LinkedIn has improved its search technology by adding new filters to make it easier for the professional networking site's users to find who and what they are looking for. These filters help users whittle down their queries based on: current company and past company, location, relationship, location, industry, school, and profile languages. The site now features a new "Refine By" module that will include a list of the most relevant facets based on query results.
LinkedIn has improved its search technology by adding new filters to make it
easier for the professional networking site's more than 50 million users to
find new contacts.
LinkedIn users need to be aware of these faceted search filters,
which are generated on the fly based on users' query results and appear in the new Refine By module.
These filters help users whittle down their queries based
on: current company and past company, location, relationship, location, industry,
school, and profile languages.
"The filters are generated in real time for every
query by parsing all matching results and extracting the most important
attributes,"
said LinkedIn Senior Product Manager Esteban Kozak, who shepherds the company's
search efforts. "We then present those to you in an intuitive interface
that lets you select one or multiple filters per facet."

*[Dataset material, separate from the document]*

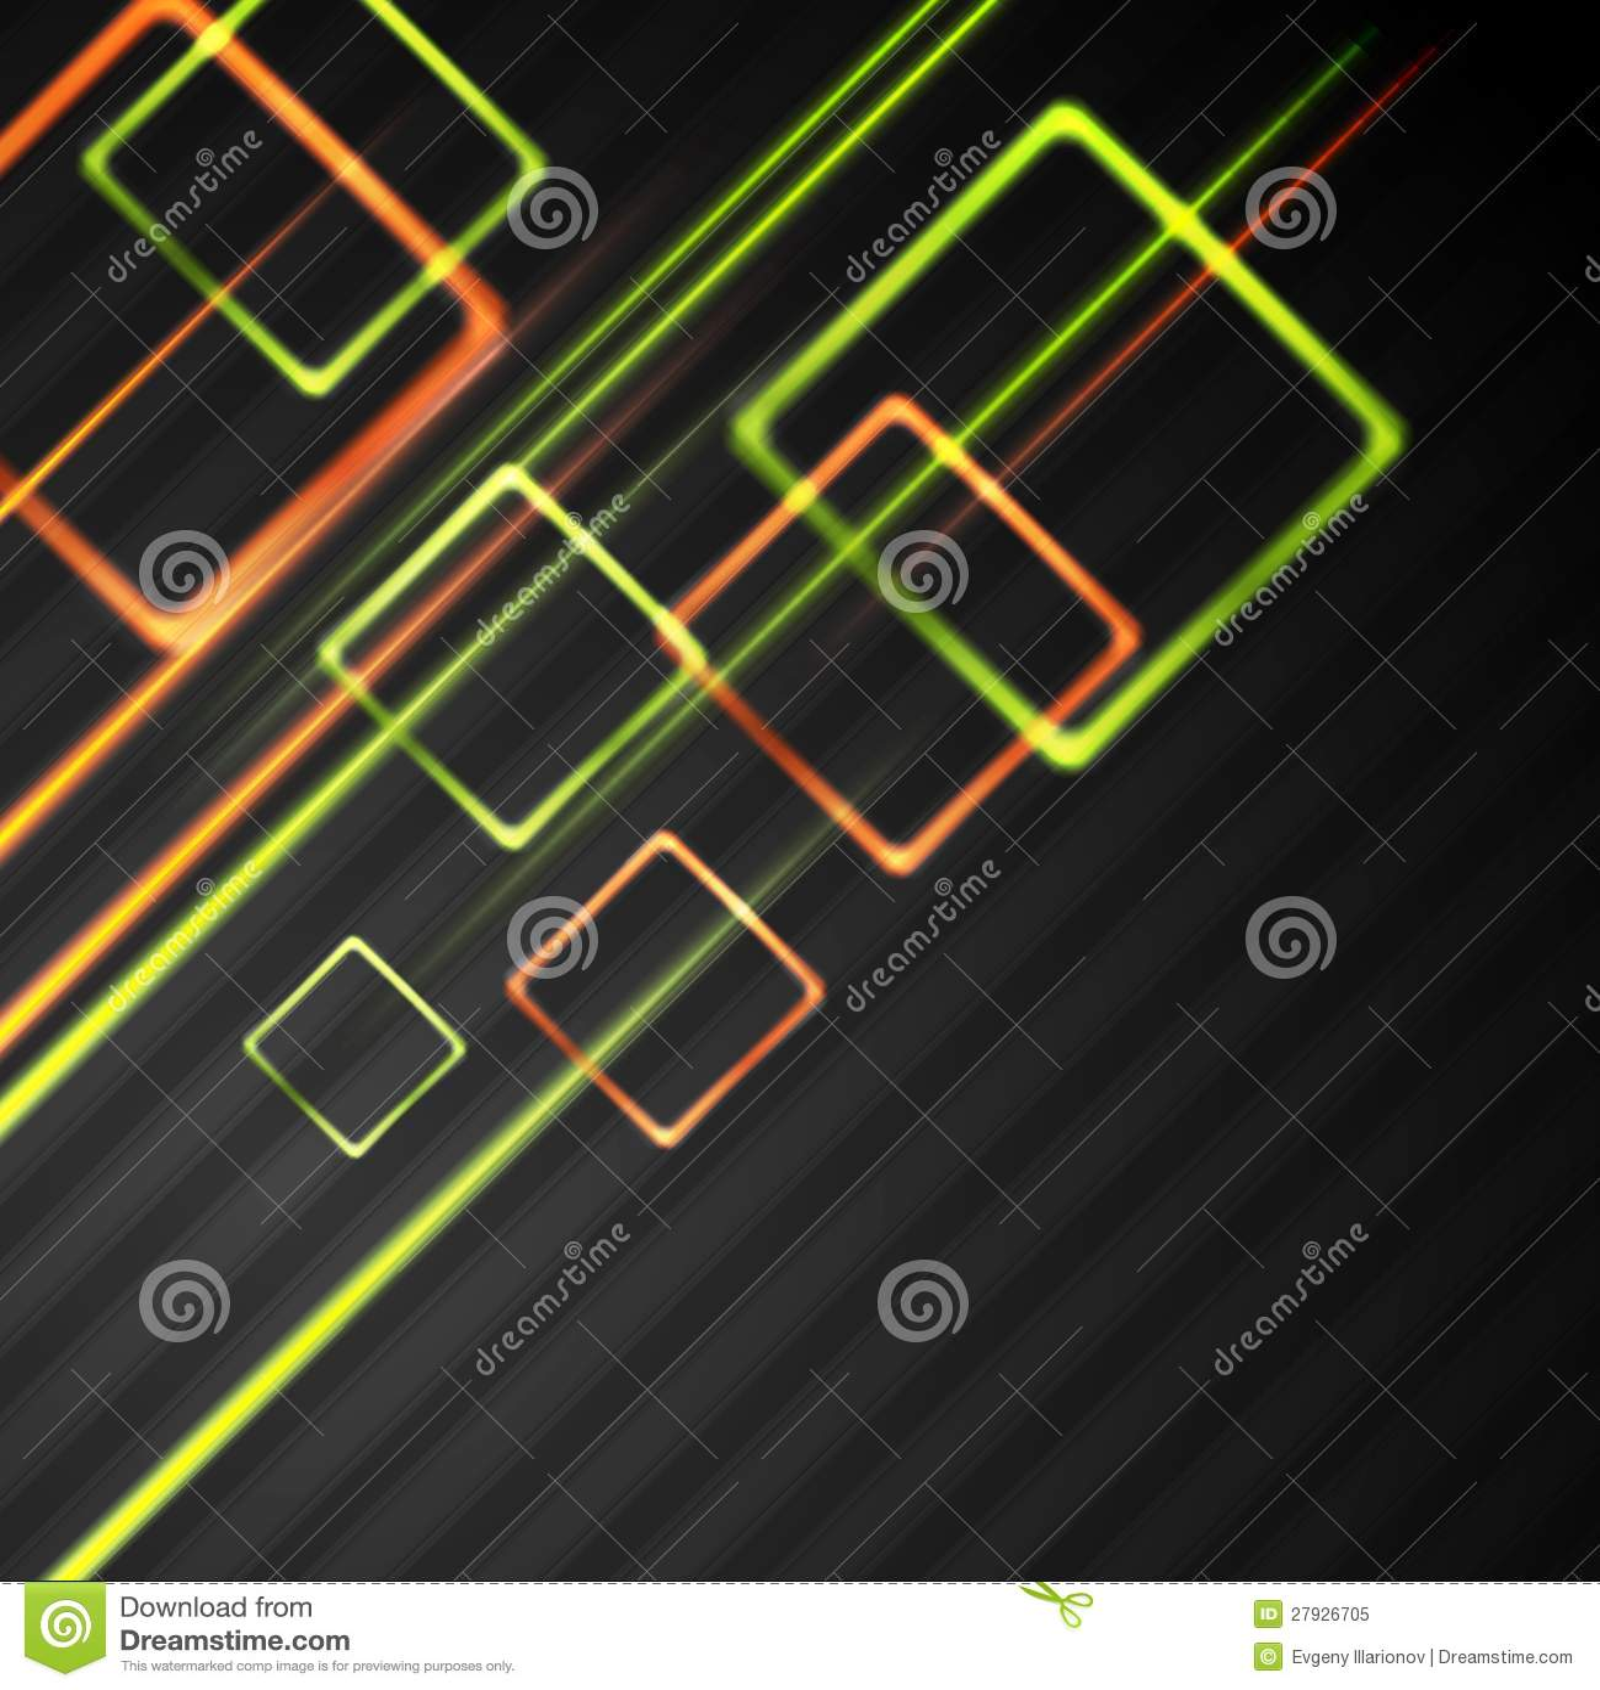 Shiny technology design. Vector

In a demonstration video, Kozak found experts in the oil
exploration industry. He typed "drilling" into the search box, and
saw 22,900 contacts. To narrow this down, he then chose Oil and Energy from the
Industry facet, whittling the options down to 12,200 contacts.
He further pared the search to by location, picking
Venezuela. Finally, he picked U.S. companies -- Halliburton and Chevron -- and
got seven contacts, a much more manageable number.
This is a vast improvement over LinkedIn's previous search,
helping users improve the needle-in-the-haystack factor of finding valuable
contacts.
Faceted search filters come more than a year after
LinkedIn
rolled out its new people search technology, which let users search for contacts
by name, company, school, language and other categories.
In his blog post, Kozak said this launch almost doubled overall
search activity on LinkedIn. This is no surprise; search on LinkedIn was
generally poor before Kozak and his team launched people search. Expect search
to increase with these new filters.
Will faceted search bring new users to LinkedIn? No, but
it will ensure the existing users have better opportunities for finding
relevant, professional contacts.
The move also comes a month after LinkedIn
inked a deal with Twitter to enable users to tweet their status from LinkedIn
and pipe their Twitter tweets to LinkedIn from Twitter.
The company in November
also formally
launched its development platform to let software programmers put LinkedIn's
profile content into their business applications and Web sites.